Wednesday, April 19, 2017

Lannon and Commerce at the Mouth of Bear


In Captain John Mullan’s  Report on the Construction of a Military Road From Fort Walla Walla to Fort Benton is a list of petitioner signers on December 15, 1859.   The forty eight men desired that the new county in Washington Territory be named “Bitterroot”, but the legislative body chose the name Missoula. On this petition is the name Lannon, but there is no first name.
In Mullan’s Journal he speaks about sending Lannon out to set up a working camp during the winter of 1859.  On the Mullan maps is a designation for Lannon’s camp at the mouth of Bear gulch. Mullan’s  journal notes state “Thirty First day -move to Lannon’s camp.”

Research reveals a story that a John Lannen (Lannon, Lannan), moved his family from Bannock to Helena in 1865 and then hearing about gold in the Elk and Bear Creek area went to that area and mined through out the winter. He returned to Helena in the spring, traded his claim for a cow, and with his wife and sons returned to Bearmouth, where he ran a ferry across Hell Gate River. It is not a real leap to believe that this John Lannon is the same person as the one who worked for Mullan and had his work camp at the mouth of Bear Creek in 1859-1860.

The U.S. Census of 1870 shows the Lannon family: John age 40, Bridget 40, Edward 13, Peter 11, John Jr. 9, and Christopher 2, living in the Beartown area.

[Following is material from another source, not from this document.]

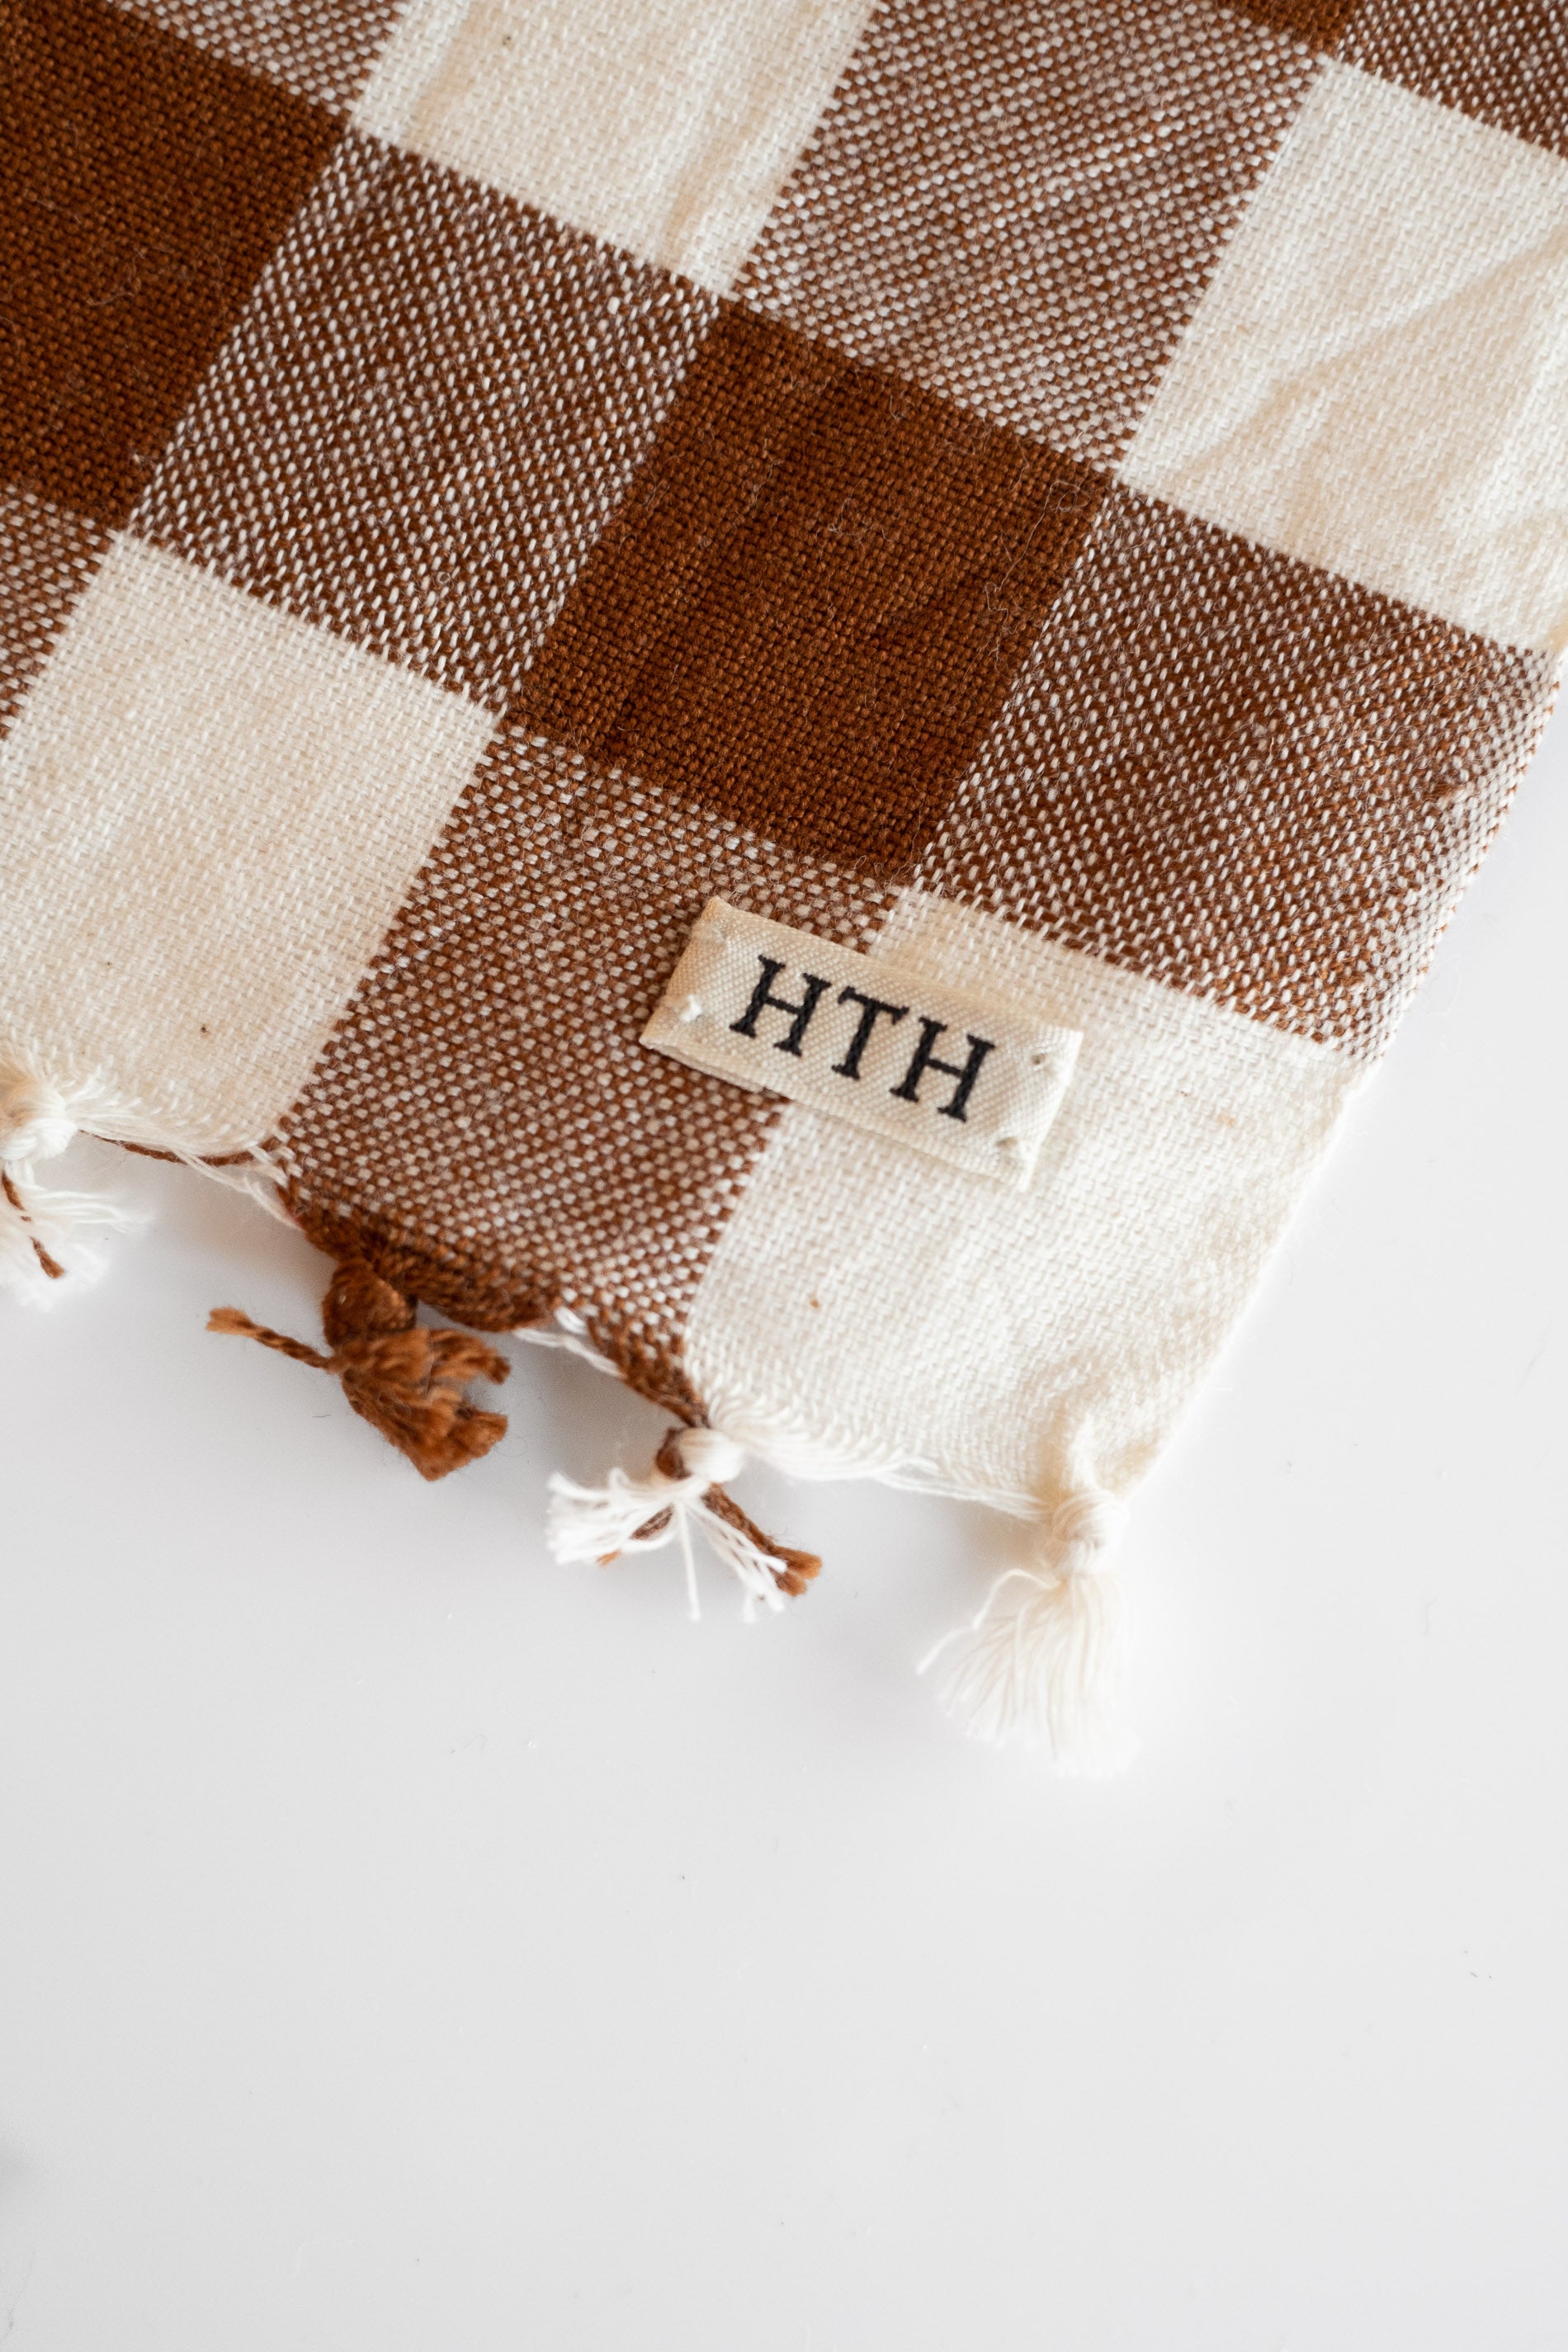 HARBOR PLAID - Hunter Tea Towel - Heather Taylor Home

This census states Edward and Peter were born in Colorado, whereas later Census and Historical Society records state New York. Research has been unable to find a Census record for the family prior to 1870.  Both John and Bridget were born in Ireland.

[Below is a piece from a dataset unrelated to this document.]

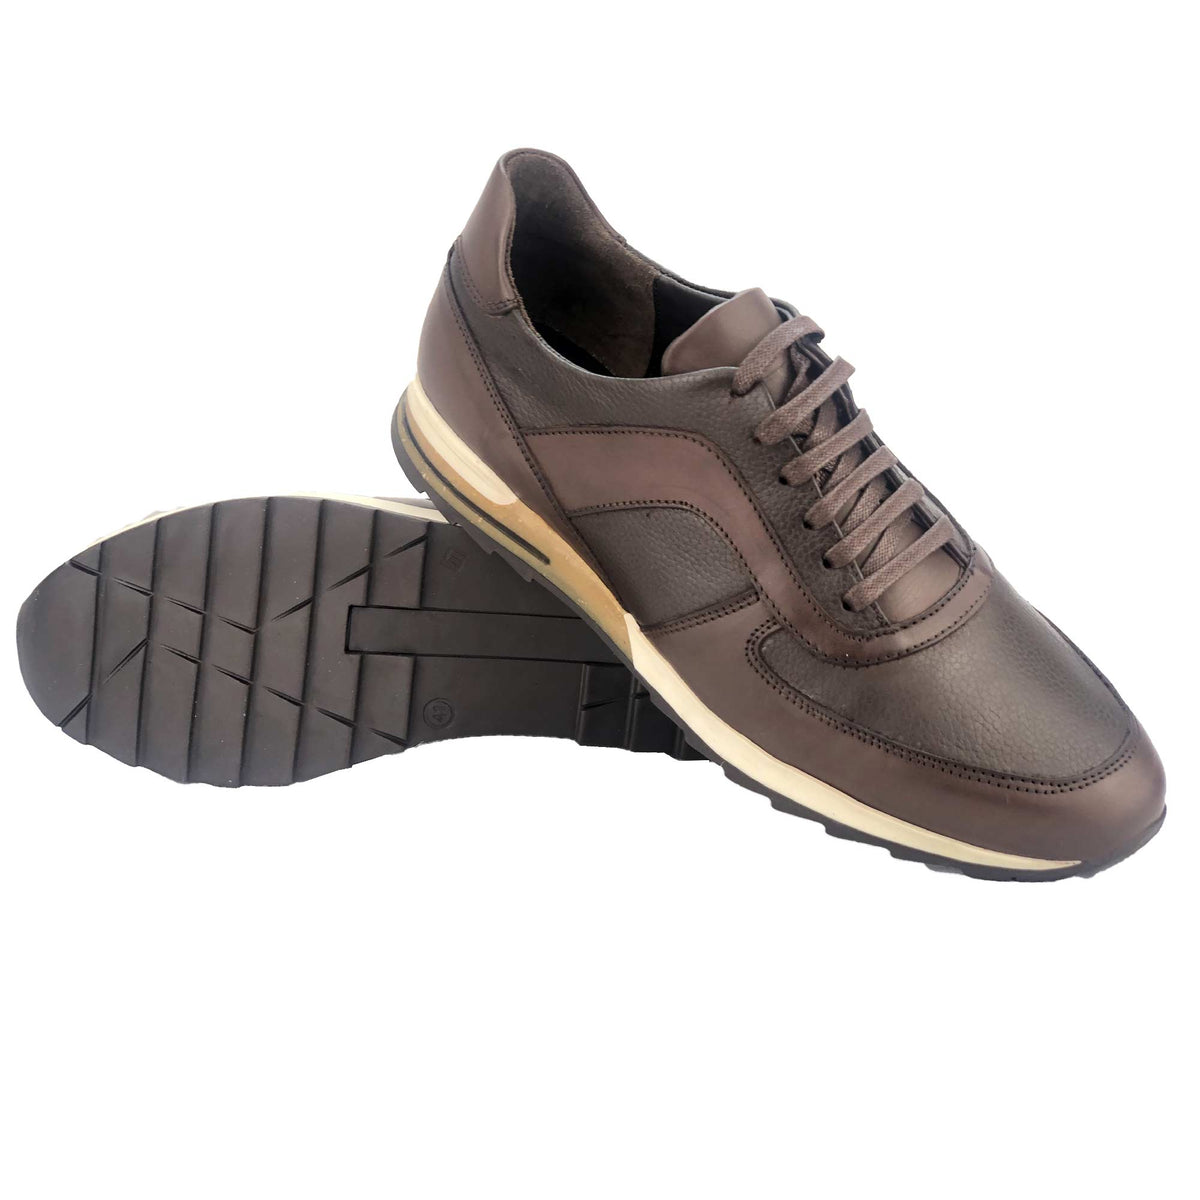 BSK423-015 - Chaussure cuir Marron - deluxe-maroc

The 1899 Montana Society of Pioneers states that Bridget arrived in Bear Mouth in 1864 as does Edward’s listing. They departed from Kansas to Montana across the plains via the Lander Cut Off.  Nothing is said about them spending the winter in Helena.

John’s ferry was large enough to carry a wagon and team. It was hauled across the river by pulling on a cable strung from one side of the river to the other. This method assisted the miners traveling the Mullan Road to cross the river and travel up Bear, Deep and First Chance Gulch. A popular story is that “Once when the ferry was carrying two men and three pack mules, each loaded with 250 gallon barrels of whiskey, the cable broke and everything slid into the river. One man drowned but the whiskey was saved.” Lannon’s business also entailed running gold from the mouth of Bear to Deer Lodge and returning with currency for the miners. They also operated a milk route and a hotel.

The growing burg named Bearmouth became a stage stop on the Mullan Road and when the railroad came through in 1883, it was the station stop for the Northern Pacific (which sliced through the Lannon Homestead.)  The railroad land being on the Lannon property caused a lot of dissension and John “defaced” a Territory sign by removing it from his fence post and placing it around the corner of the rail station. The County Commissioners placed the sign to advertise a hearing for a new county road to be laid out. John was indicted for placing a piece of paper over the part containing written matter.  The original sentence was $100 and one month in jail. John appealed the case all the way to the Montana Supreme Court with his defense being that the sign was not in the vicinity of the proposed road. John lost the case and ended up  paying the fine and  all of the court costs in July of 1889.

Edward assisted father with the homestead business and was widowed with a twelve year old Edward and fifteen year old John by 1900.  In 1908 Edward filed suit against the Chicago, Milwaukee  and St. Paul Railroad for damages to his property at Bearmouth.  The Railroad appealed the county commissioners appraisal of $14,000 damages. The final award to Edward was $8,650.00.

Son Chris, labeled “the wealthy sheep owner of Bearmouth  reported that his forty odd thousand sheep clips averaged eleven and a quarter pounds in August 1911. Chris and spouse Kate  with 19 year old Nellie and 23 year old John are listed in the 1910 Census. Chris’ Montana estate taxes were $6,363.75 according to the  September 1951, Mail.

John Jr. married Elizabeth Ryan. They lived their lives in Philipsburg with children Rose and  Edwin.  

So far research has failed to determine  the life of Peter after the 1880 Census when he was working on the Ferry at the age of  21.

The final appraisal is that from road builder to homesteader, ferry man and business man, Lannon  was a successful man.